The cumulative incidence of SNs for childhood ALL survivors has an overall range of 1%-11%, dependent on the treatment regimen used and the follow-up duration [22,24]. SNs are most commonly seen in skin (43%) and in the CNS (31%) [18]. Most secondary skin cancers are basal cell carcinomas, while 70% of the reported neoplasms of the CNS are meningiomas [15,18]. A retrospective study including 2169 childhood ALL patients who received treatment in 1962-1998 (median duration of follow-up was 18.7 years), the cumulative incidence of SNs was 4% overall at 15 years and was increased to 11% at 30 years [24]. Many of these reported late-developing SNs were “benign” neoplasms (basal cell carcinoma, n=14, 11.4%; and meningioma, n=16, 13%); upon exclusion of those diagnoses, cumulative incidence of SNs at 30 years was found to be lowered to 6%. The most common malignant SNs were 46 myeloid malignancies (AML, MDS), 3 lymphomas, 16 carcinomas excluding basal cell carcinoma, 6 sarcomas, and 22 brain tumors. Essig et al. [25] described the spectrum of late effects in 556 ALL survivors (median follow-up: 18.4 years) from the CCSS cohort who were 1-9.9 years old at diagnosis and who received a therapy similar to contemporary ALL protocols for patients with standard risk. Only six (1%) of them developed a subsequent malignancy (two melanomas, one astrocytoma, one large cell lymphoma, one leukemia, and one hepatocellular carcinoma).

Radiation, either cranial or craniospinal, increases the risk of the development of secondary solid tumors. Nathan et al. [26] reported that such risk for SNs due to radiation is increased over time; they further found that neoplasms usually appeared at a minimum of 10 to 15 years following treatment. In a cohort containing 8831 pediatric patients who had been diagnosed with ALL and treated with the Children’s Cancer Group therapeutic protocols in 1983-1995, children receiving cranial radiation at 18 Gy were found to have lower risks of SNs compared to children receiving radiation at doses of 24 Gy [relative risk (RR): 1.5, with 95% confidence interval (CI) of 0.9-2.6; and RR: 3.9, with 95% CI of 1.4-11.2, respectively] [22]. The relative risk of secondary brain tumors following cranial radiation at a dose of 12 Gy, that being the dose that is used most often in the current protocols, has not yet been evaluated.
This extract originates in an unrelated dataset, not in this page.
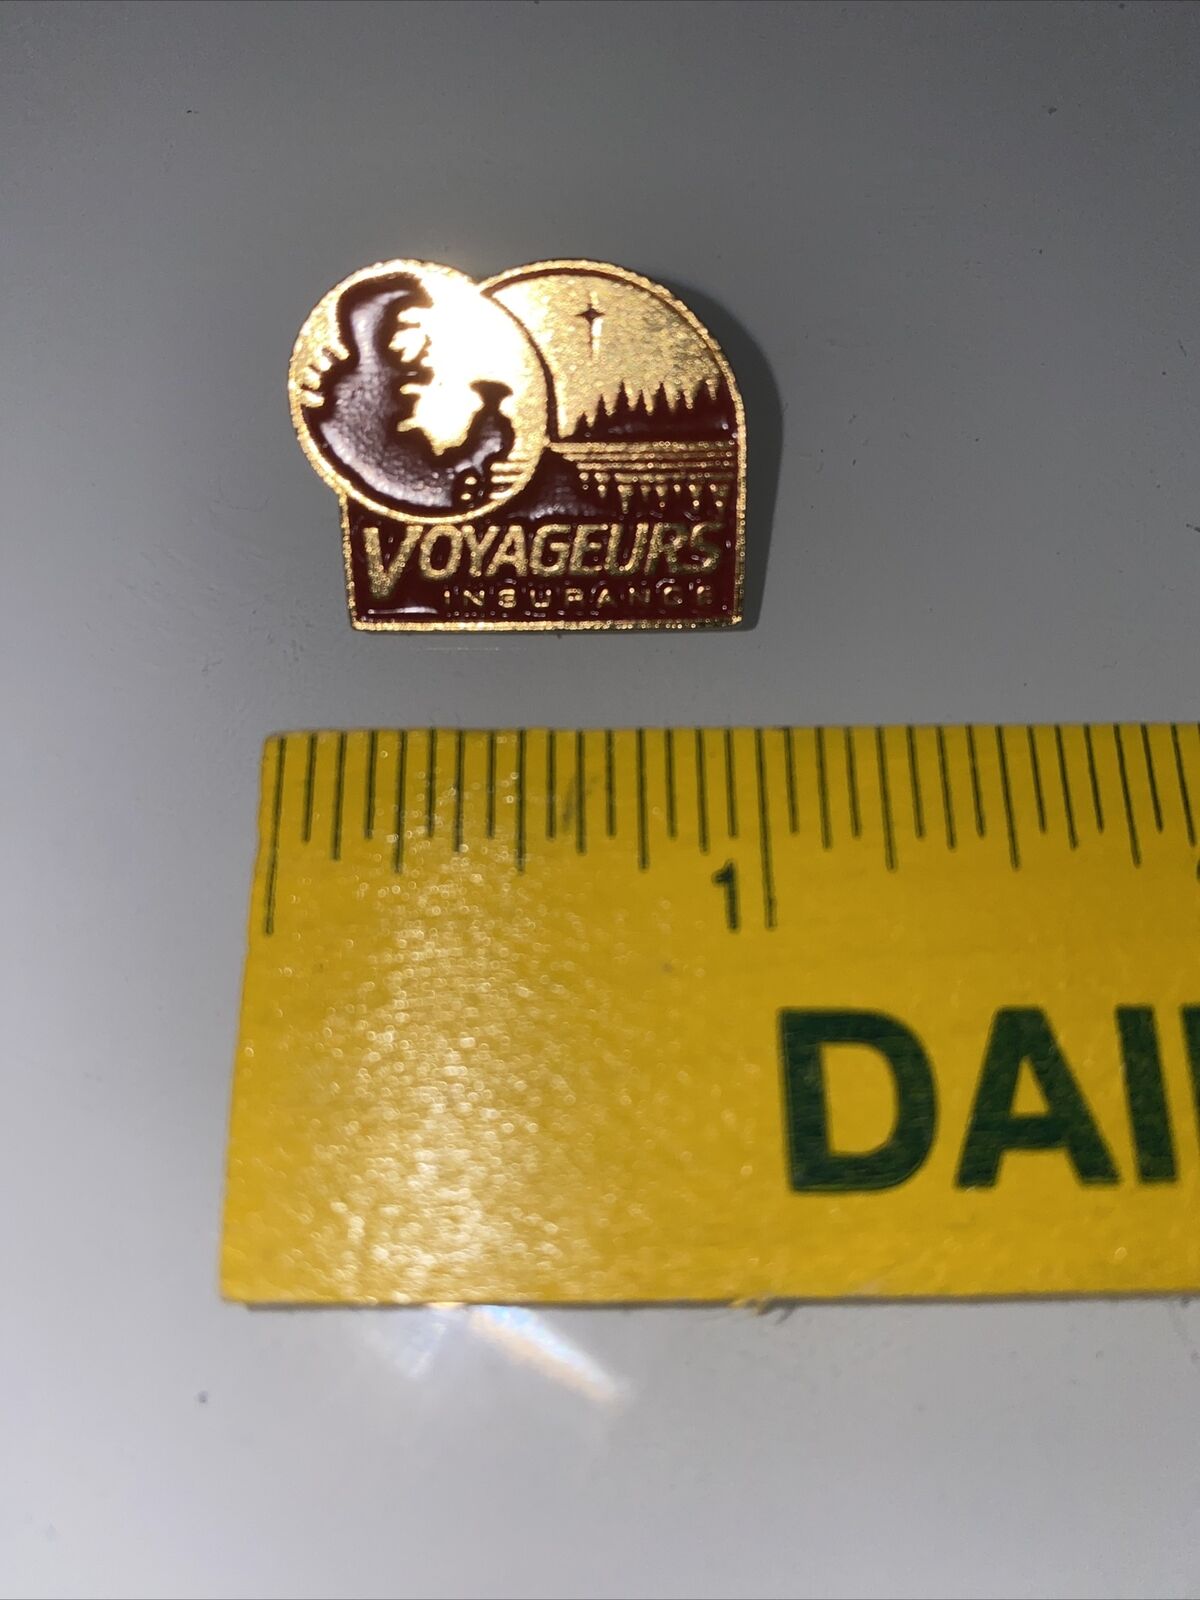 Voyageurs Insurance Lapel Pin Advertising Collector Vintage North Star Trees

As mentioned above, secondary AML can develop as well in ALL survivors, and it is seen at notably higher rates in patients who had been treated with more frequent or with higher doses of alkylating agents and epipodophyllotoxins [27]. As a result, the current regimens comprise comparatively lower cumulative doses of both cyclophosphamide and other alkylators. A recent study proposed the risk of secondary leukemia to be higher in those patients treated with higher initial doses of mercaptopurine in the maintenance phase (doses of 75 mg/m2/day compared to 50 mg/m2/day) [28]. It is still controversial whether patients having heterozygous or homozygous deficiencies of thiopurine methyltransferase face higher risks for SNs, but it is believed the risk may be partially dependent on the dose intensity of the mercaptopurine and/or its duration [29].

Neurological Outcomes

Cranial Radiotherapy

Survivors of childhood ALL face risks of neurocognitive late effects, which can include attention problems, impaired visual-motor function, decreased processing speed, and impaired working memory, which may affect their education achievement and quality of life (QOL) [30,31]. CNS-directed therapies, including CRT and/or IT chemotherapy, are established risk factors for impaired cognitive function, especially for younger patients [18]. In the initial 5-10 years following CRT, childhood ALL survivors have higher risks for neurocognitive skill deficits [2,32], and as they get older global brain injuries due to early CRT might decrease the cognitive reserve, putting these individuals at risk of memory impairments or early-onset dementia [3,33].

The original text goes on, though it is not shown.